Wearing white sunscreen slathered across his cheeks and nose on a sunny afternoon, Wawrinka produced a performance that was fairly similar to the net-rushing surprise he pulled off against defending champion Andy Murray in the quarterfinals. Wawrinka could sense jitters early from Djokovic, who acknowledged afterward he was nervous.
That seemed odd, because Djokovic was playing in his 14th consecutive Grand Slam semifinal, the second-longest streak in history, and 21st overall. Wawrinka – long in the shadow of Federer, his Swiss Olympic teammate and good friend – was in his first.
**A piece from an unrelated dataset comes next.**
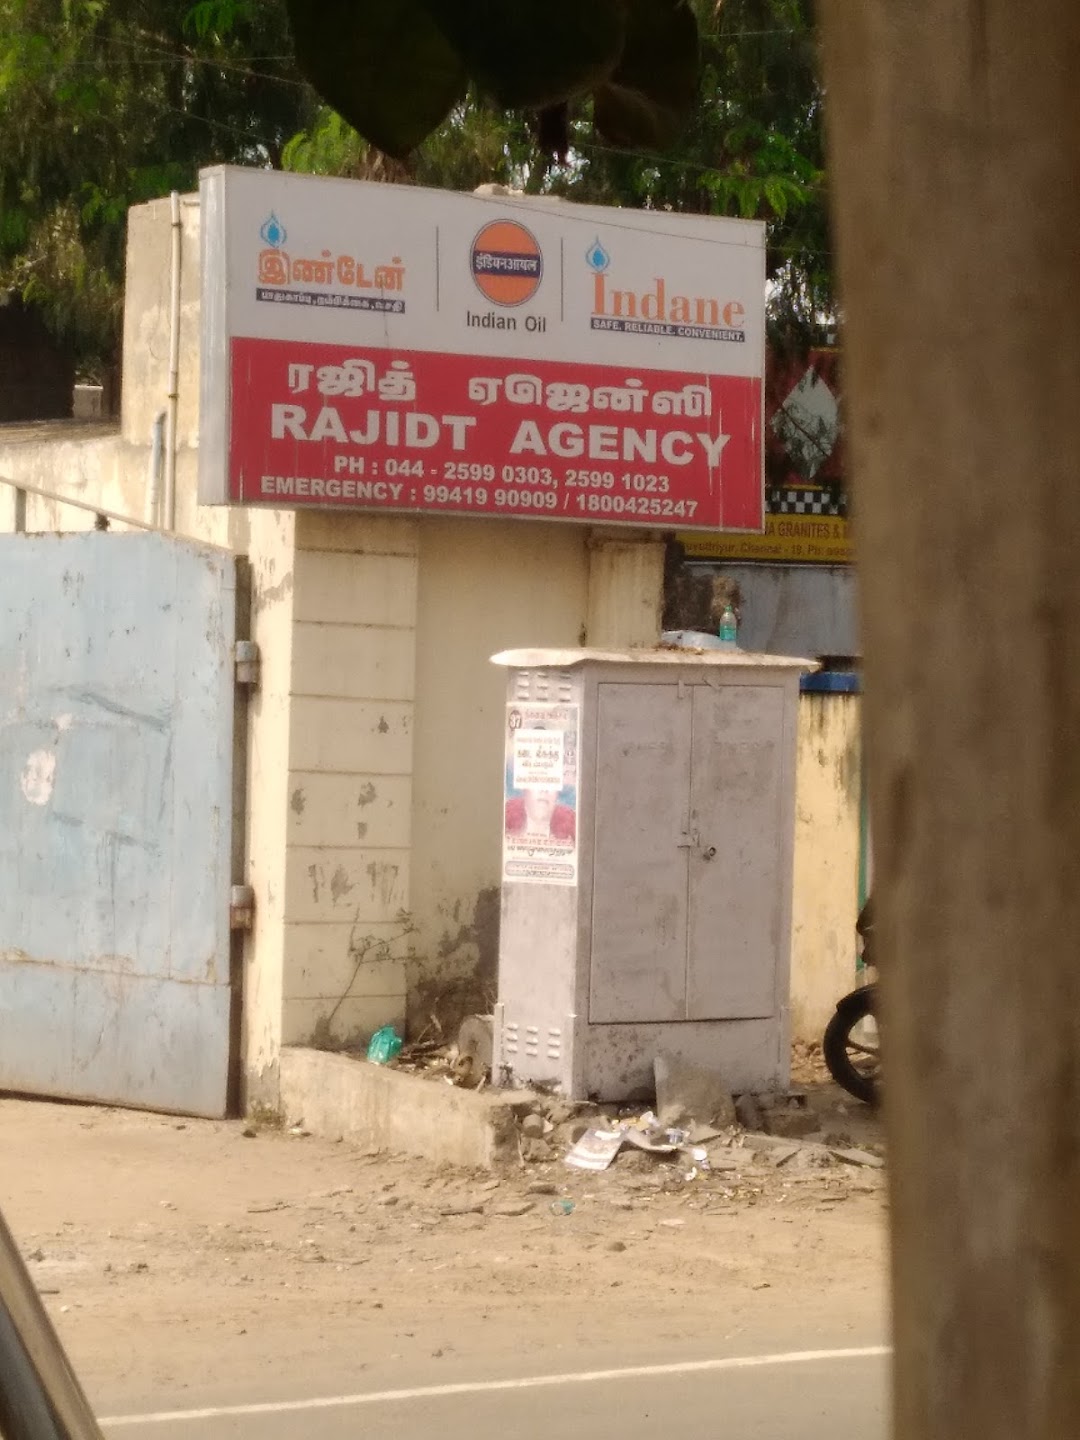 Rajidt Agency

And yet it was Djokovic who double-faulted four times as part of his 14 unforced errors in the first set, while getting broken three times.
Djokovic was fraying at the edges. He hit a ball in anger after losing a point, drawing jeers from the stands. He whacked his racket against each arm after a missed backhand return. He kept chatting with his coach, Marian Vajda, and eventually was cited by the chair umpire for a code violation (coaching is not allowed during matches; Djokovic admitted he deserved the warning). When a fan called out right before he netted a backhand, Djokovic raised an arm and yelled, "Shut up!"
It didn't help matters that Wawrinka kept finding the mark with his booming serves, which reached 138 mph, his effective forehand and his sweet, one-handed backhand, to the tune of 57 winners, 19 more than Djokovic.
"Today I had the feeling that when I was playing my best level, I was better than him," said Wawrinka, who entered the day 2-12 against Djokovic. "But he's not No. 1 for nothing. That's why he won the match, because he always finds a solution."
Slowly but surely Djokovic found ways to bother Wawrinka, in part by forcing more errors off his forehand wing, in part by serving better himself. Wawrinka began showing signs of mental and physical fatigue. There was the problem with his right leg. He swatted a ball toward the upper deck, earning a warning, and later was docked a point for spiking his racket, picking it up and bending it over his knee to completely wreck the frame.
Wawrinka egged on fans to get louder and clap longer, soaking it all in – and getting a bit of a chance to catch his breath. Djokovic at first seemed annoyed, before he, too, waved for more noise.
Two games later, a sequence of errors by Wawrinka, capped by a weary backhand, let Djokovic break for a 3-2 lead.
"I managed to stay tough and play well when I needed to," Djokovic said. "That's something that definitely encourages me before the final."